Why Your AI Benchmark Is Probably Wrong: The N,K Trade-off

Why Your AI Benchmark Is Probably Wrong: The N,K Trade-off

I’ve spent enough time building machine learning models to know that the hardest part isn’t training the model. It’s evaluating whether the damn thing actually works. And according to new research from Google, most of us have been doing it wrong.

The paper “Forest vs Tree: The (N,K) Trade-off in Reproducible ML Evaluation” by Flip Korn and Chris Welty tackles something that’s been bothering me for years. When you’re evaluating an AI model on subjective tasks like toxicity detection or sentiment analysis, how many human raters do you actually need per item? And more importantly, is it better to have many items with few raters, or fewer items with many raters?

Most researchers I know just slap 3-5 raters on each item and call it a day. This research suggests that’s nowhere near enough.

The Problem With Humans

Here’s the thing about ground truth data. It relies on humans, and humans are messy. We disagree. A lot. Take toxicity detection as an example. Show the same comment to five different people and you might get five different answers. One person’s “mildly offensive” is another person’s “toxic as hell.”

The standard approach in ML evaluation is to just take the plurality vote and move on. But this completely ignores the variation in human judgment. Two items might have the same plurality label, but one could be clearly toxic (4 out of 5 raters agree) while another is ambiguous (2 out of 5 say toxic, 2 say mildly offensive, 1 says neutral). Treating these the same is ridiculous.
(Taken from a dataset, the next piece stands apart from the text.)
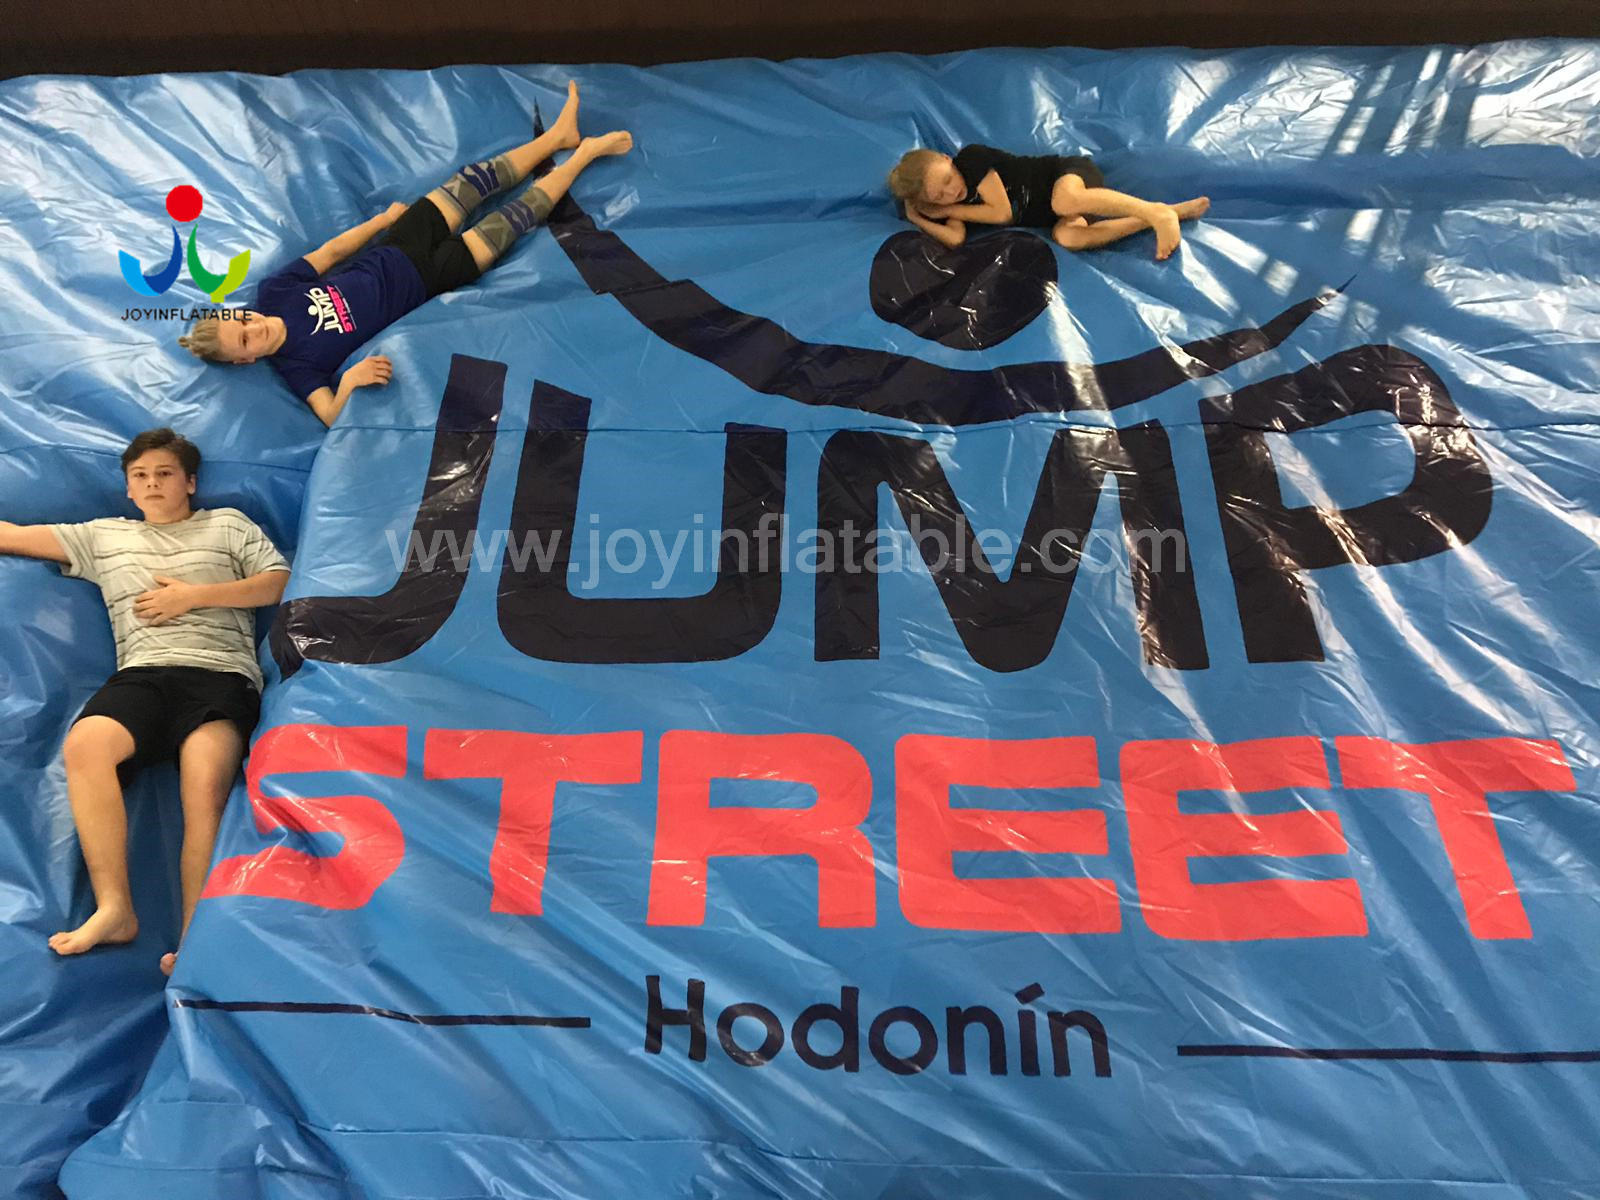 Customized bag jump airbag price supply for high jump training

The researchers built a simulator to stress test different configurations. They varied N (number of items) and K (raters per item) across thousands of combinations using real datasets from toxicity detection, hate speech, and other subjective tasks. The goal was simple: find the most reproducible setup for a given budget.

What They Actually Found

The results are pretty damning for current practices. First, using 1, 3, or even 5 raters per item is often insufficient. You need more like 10+ raters per item to capture the nuance of human disagreement and get truly reproducible results.

Second, there’s no universal answer. The optimal N,K trade-off depends entirely on what you’re measuring. High data skew (like 99% spam, 1% important emails) changes the game. More rating categories (toxic, mildly offensive, neutral, etc.) also shift the balance. You can’t just copy someone else’s evaluation setup and expect it to work for your use case.

But here’s the good news. You don’t need an infinite budget. With around 1,000 total annotations and the right N,K ratio for your specific task, you can achieve highly reproducible results. The catch? Choose the wrong balance and you’re screwed, even if you throw more money at the problem.

Why This Matters For Real Work

I think this research hits on something fundamental about where artificial intelligence is headed. For years we’ve operated under this “single truth” paradigm. Every input has one correct label. Find that label, train on it, move on.

That works fine for objective tasks. A photo either contains a cat or it doesn’t. But as AI moves into more subjective territory like content moderation, ethical decision making, or understanding social interactions, that paradigm completely breaks down.

The researchers call this the “forest vs tree” problem, which is actually a decent metaphor. The forest approach (many items, few raters) gives you breadth. It’s like asking 1,000 different people to each try one meal at a restaurant. You get a general sense of quality but miss the details.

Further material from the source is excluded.